**Data provided:**
--- START ---
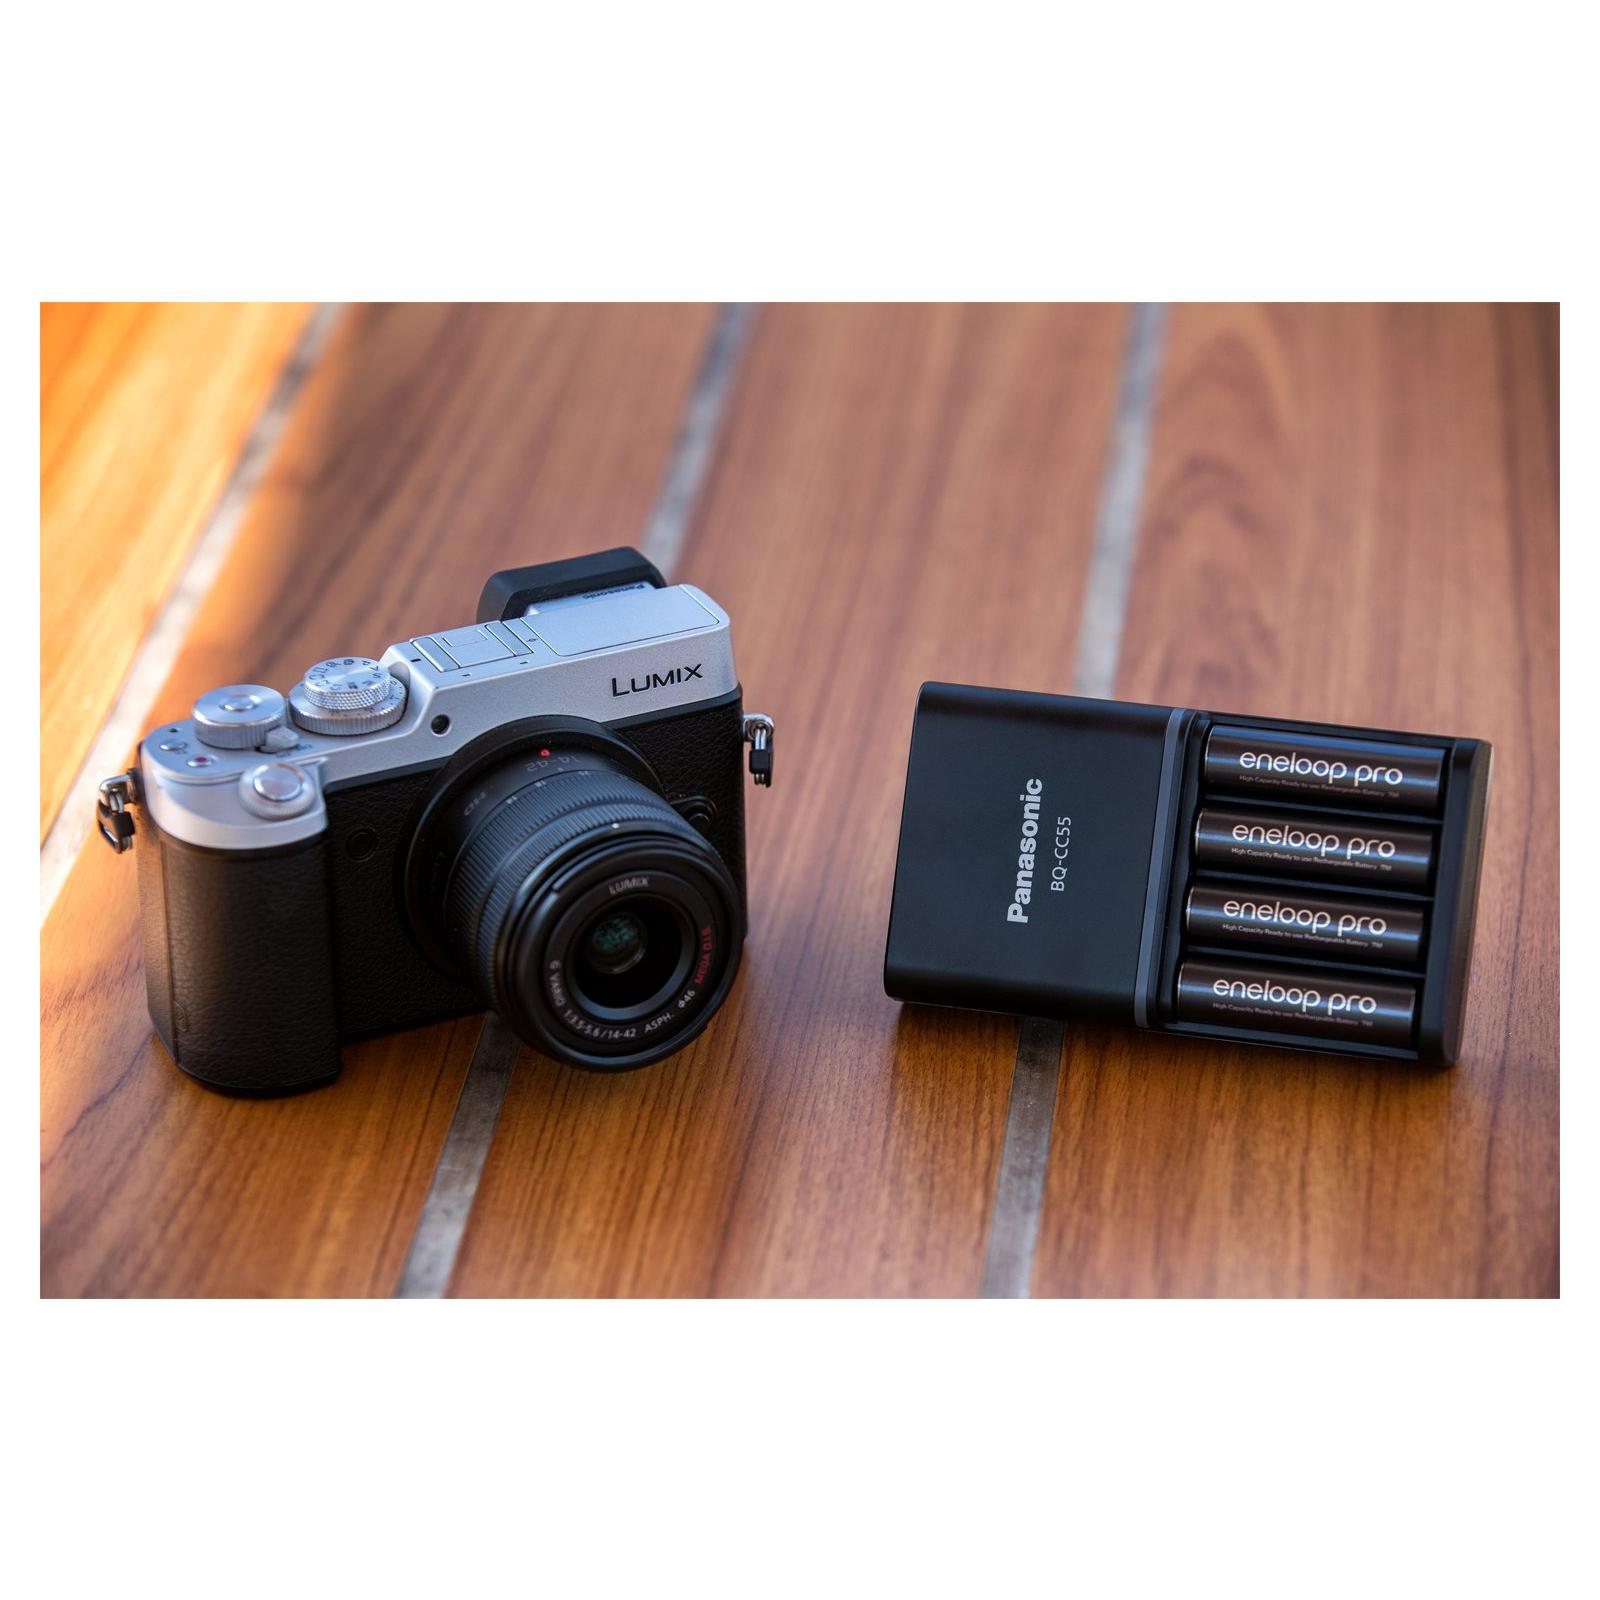 Зарядное устройство для аккумуляторов PANASONIC Smart-Quick Charger+Eneloop Pro +4*AA 2500 mAh NI-MH (K-KJ55HCD40E) изображение 2
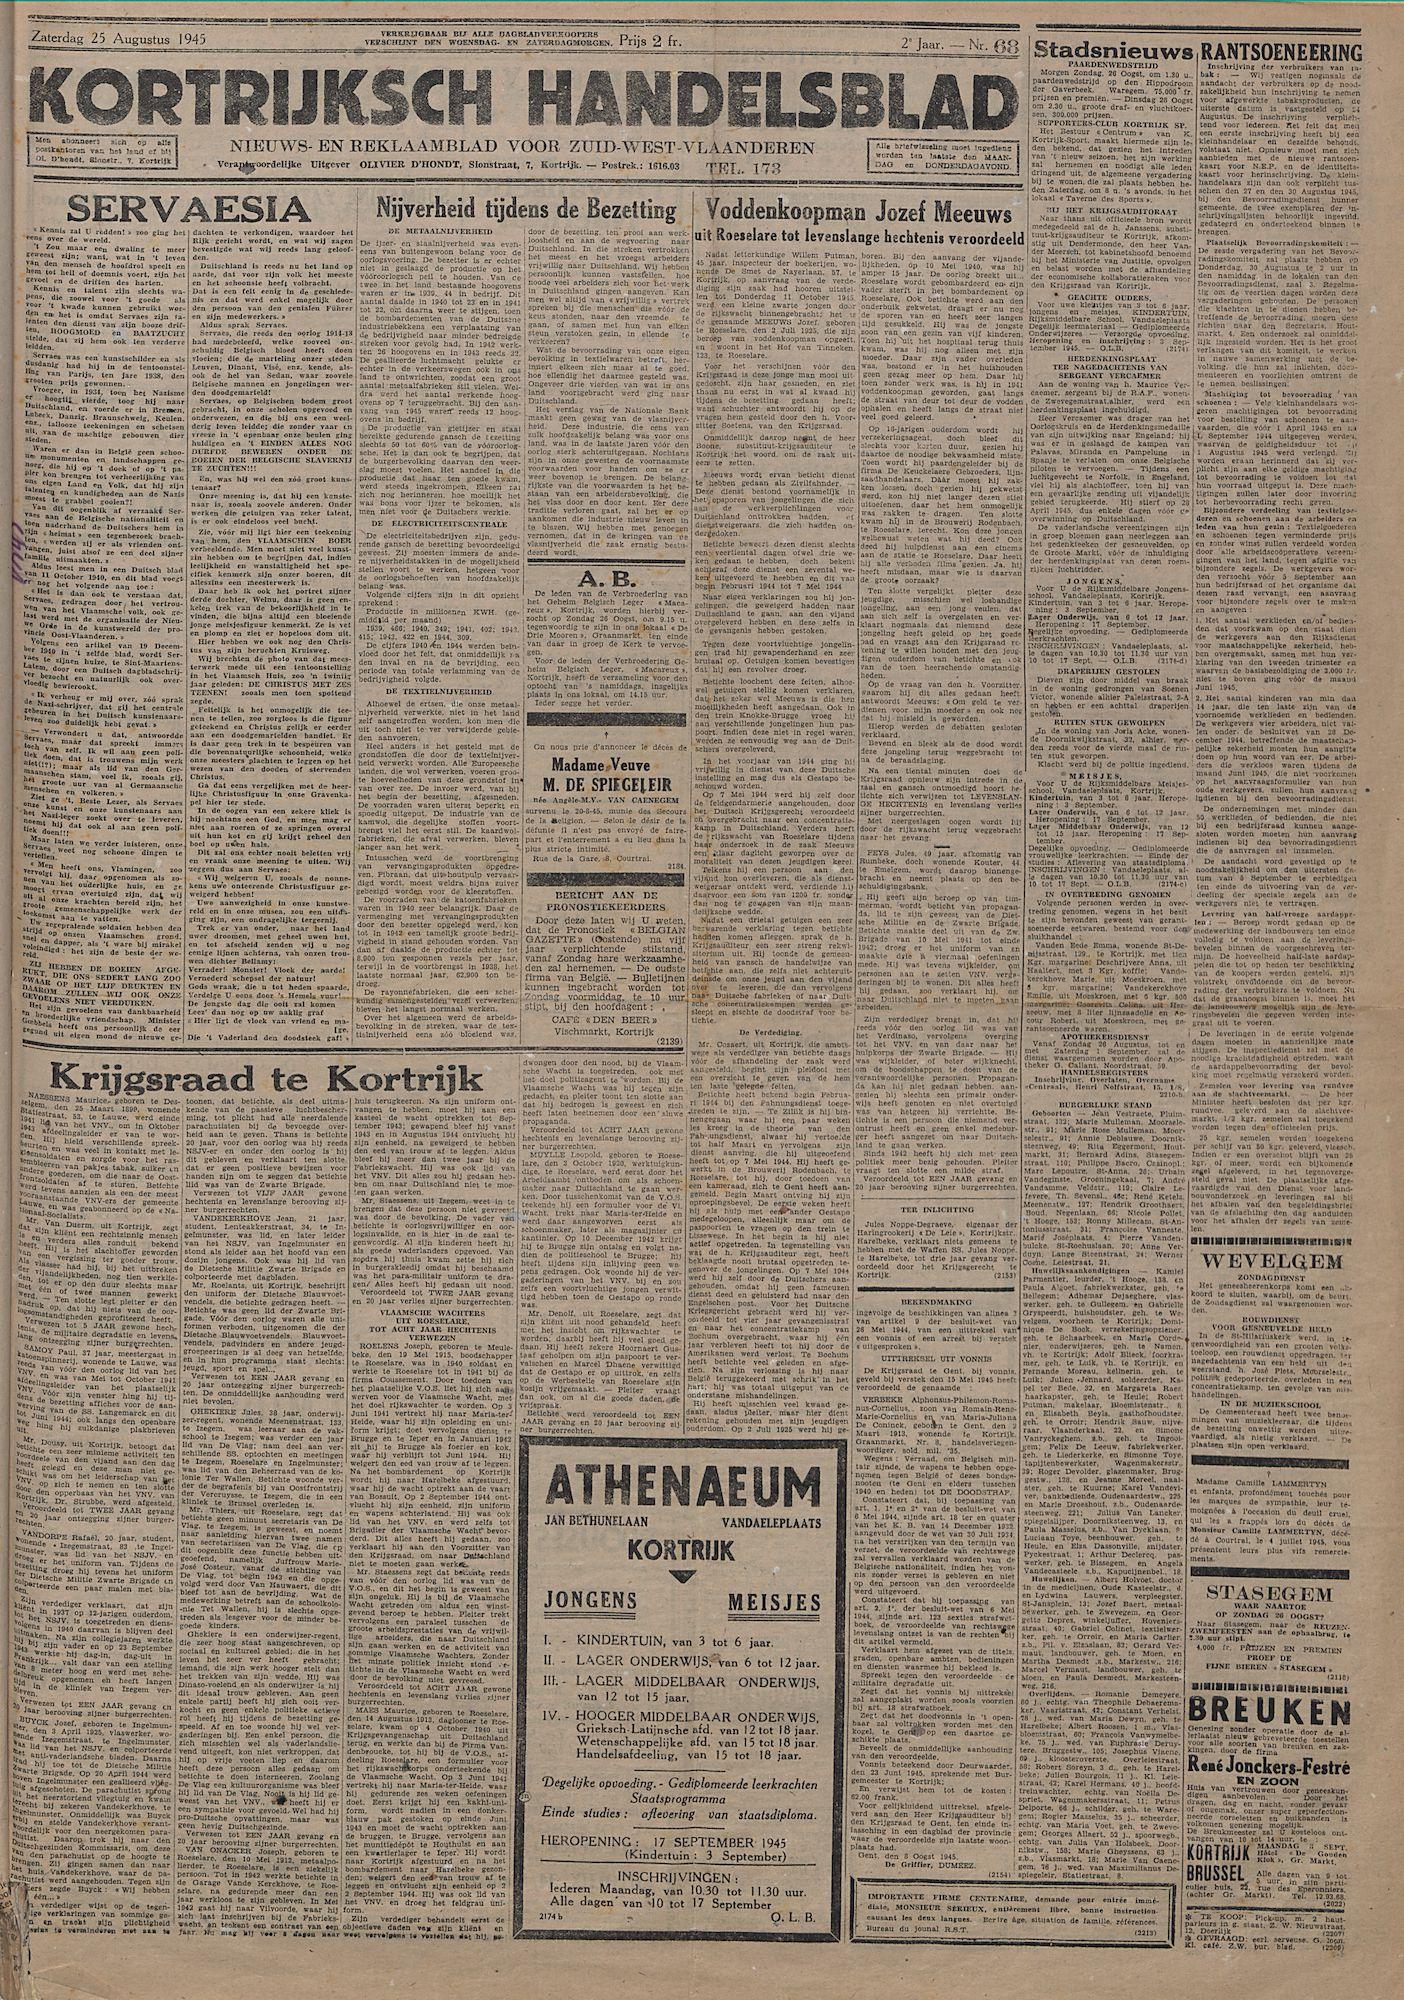 Kortrijksch Handelsblad 25 augustus 1945 Nr68 p1
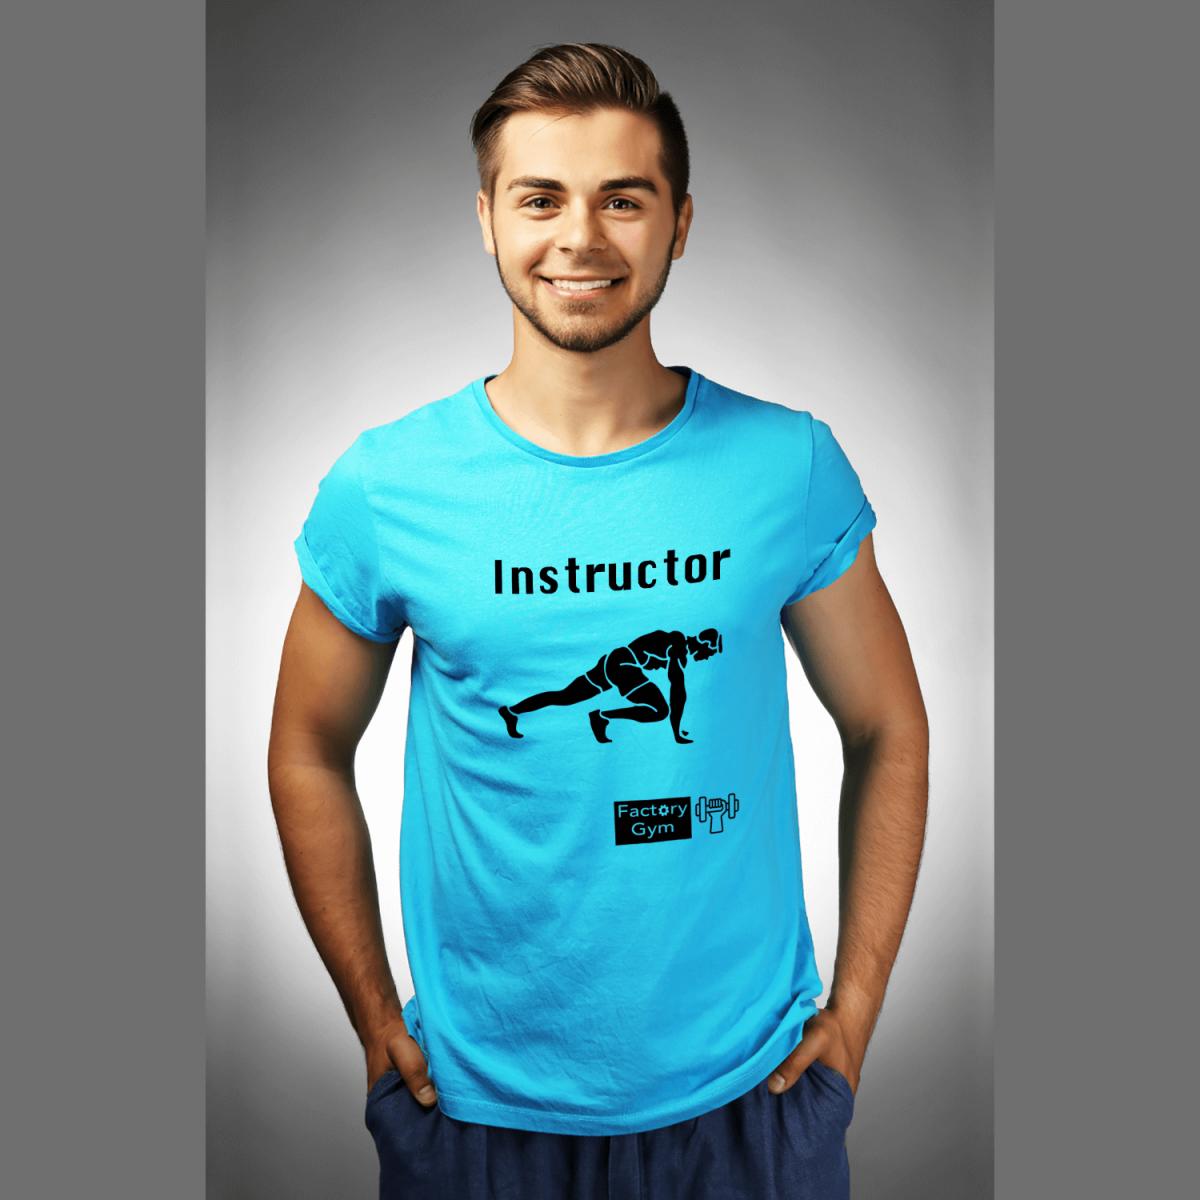 Custom Printed T-Shirt - Instructor
--- END ---
**Exercise prompt:**
Omit the pictures and output all of the other material exactly.

**Exercise solution:**
 Зарядное устройство для аккумуляторов PANASONIC Smart-Quick Charger+Eneloop Pro +4*AA 2500 mAh NI-MH (K-KJ55HCD40E) изображение 2
 Kortrijksch Handelsblad 25 augustus 1945 Nr68 p1
 Custom Printed T-Shirt - Instructor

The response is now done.